– Mas que velhinha eu sou pra você? Tenho só cinquenta e poucos anos, ainda com energia. Eu que tô aí reclamando de ser velha? resmungou a avó Teresa, colocando a tigela de caldo na mesa e o cesto de pão ao lado.
Avó, põe alguma coisa na mesa. Tá de dar água na boca! gritou o Miguel, saindo pela porta, a mão ainda segurando a boina empoeirada.
Teresa respondeu, meio irritada:
Que velhinha sou eu? Só tenho cinquenta e poucos com um rabo de cavalo. Eu que pareço velha? repetiu ela, enquanto servia o caldo e o pão.
Miguel lavou as mãos, passou por ela e deu um tapinha leve nas costas.
Mas quem és tu? Tens uma netinha de dois aninhos, então avó, né? Eu sou o avô e me orgulho disso disse ele rindo, enquanto sorvia o caldo quente.
Chama-me assim só em casa, não na frente dos outros. Ontem, no mercado, gritaram avó, cadê seus sapatos! retrucou Teresa, lançandolhe um olhar de escárnio. Você viu como isso foi embaraçoso? Todo mundo riu por trás.
Miguel bufou:
Não foi contra ti, foi contra o Miguelinho, que largou a moeda de cinquenta cêntimos pra pagar a conta. Quando ele gritou, pensei que ia cair de joelhos e começar a recolher a barra da cozinha.

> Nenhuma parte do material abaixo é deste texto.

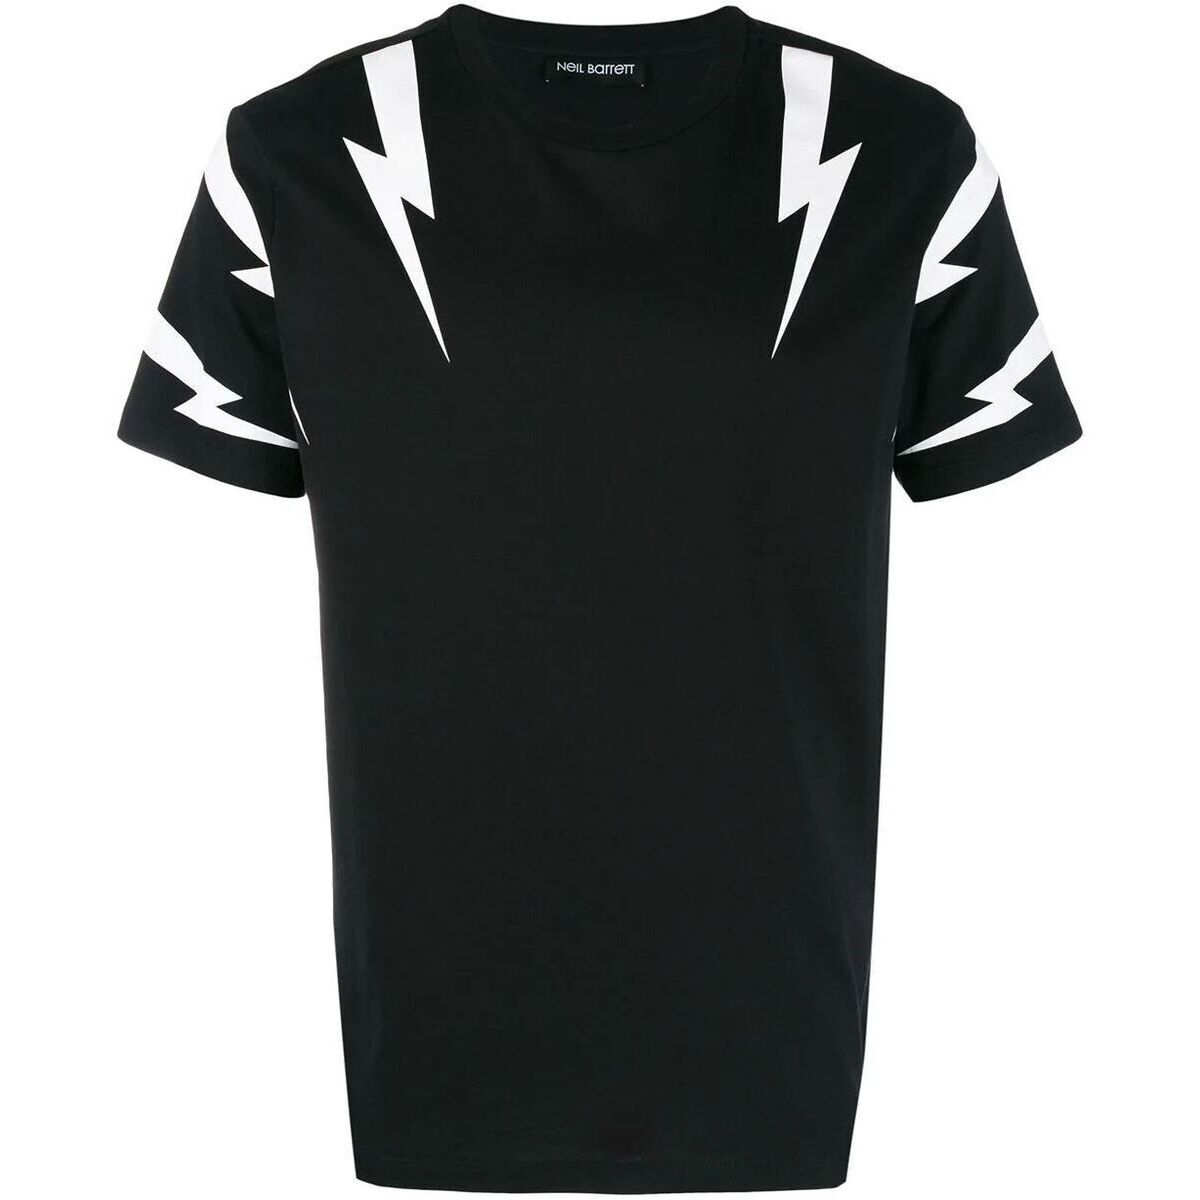 NEIL BARRETT ニール バレット BLACK Tシャツ メンズ PBJT553SM508S524 mc とっておきし新春福袋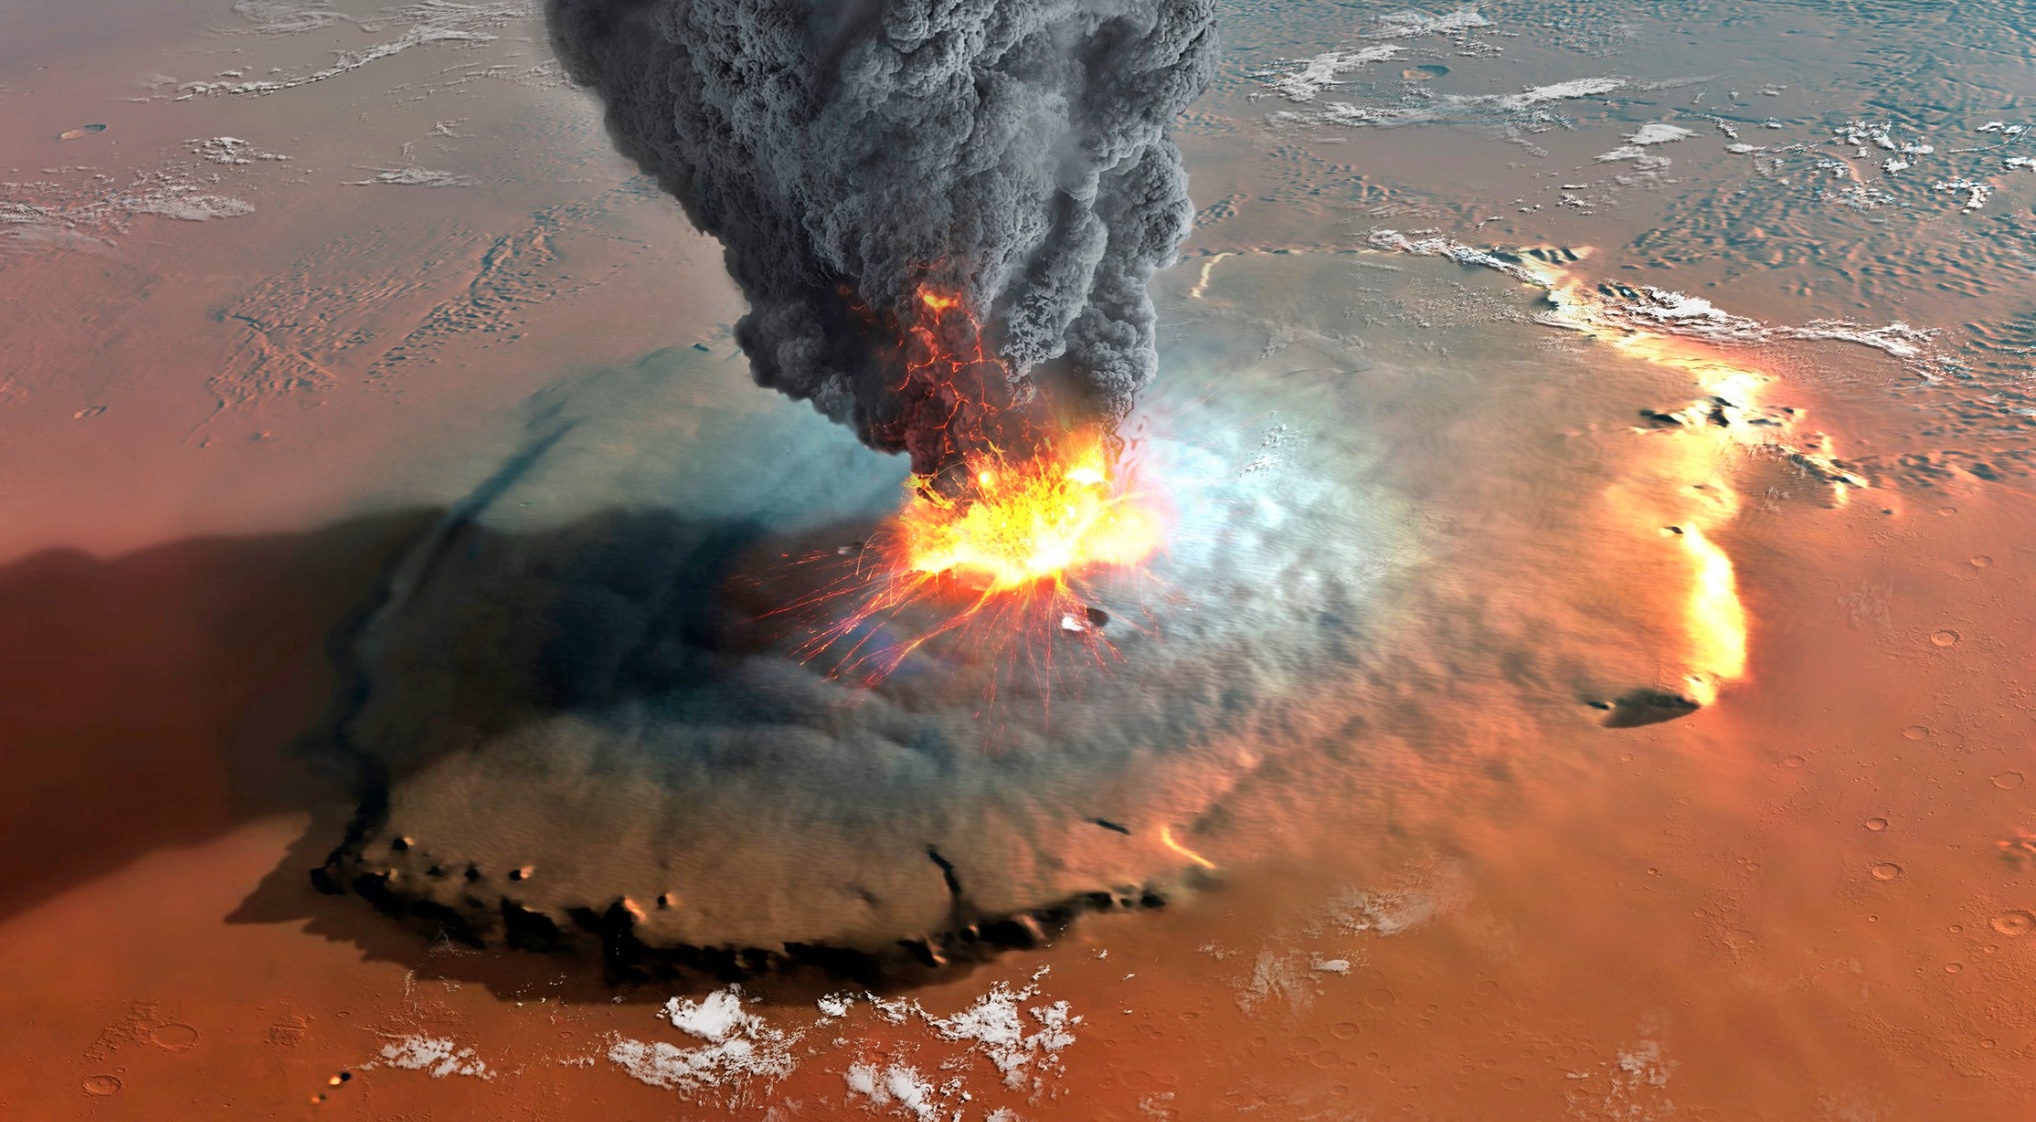 Hay volcanes activo en el planeta Marte? – Nuestroclima

Alzira, que observava tudo, interrompeu:
Então, compraste outro pra ele?
Miguel, mexendo a colher, encolheu os ombros.
Ah, isso ele já gastou.
Alzira não conteve:
Por isso o teu dinheiro nunca fica guardado. Gastador!
Depois que Miguel terminou o caldo e Teresa começou a limpar a mesa, ela hesitou e disse:
Miguel, sabes aquela história… O António vai chegar, e não vem sozinho.
O humor de Miguel mudou na hora.
E por que ele precisa estar aqui? O que ele disse? Vão embora, não quero ninguém aqui. Lançouse a Nadinha quase no altar e saiu. A coisa é que ele parece ter conhecido a amiga dele antes do casamento. A pobre chorou, dizendo que só entrou por causa de um gravador. E esse tal de firpir e ninguém lhe deu atenção. Ainda trouxe alguém consigo. Deve ter encontrado uma fifinha da cidade que o ajudou. Telefoneilhe, escrevi, fiz o que pude, mas nem à vista me aparece desabafou Miguel, com raiva.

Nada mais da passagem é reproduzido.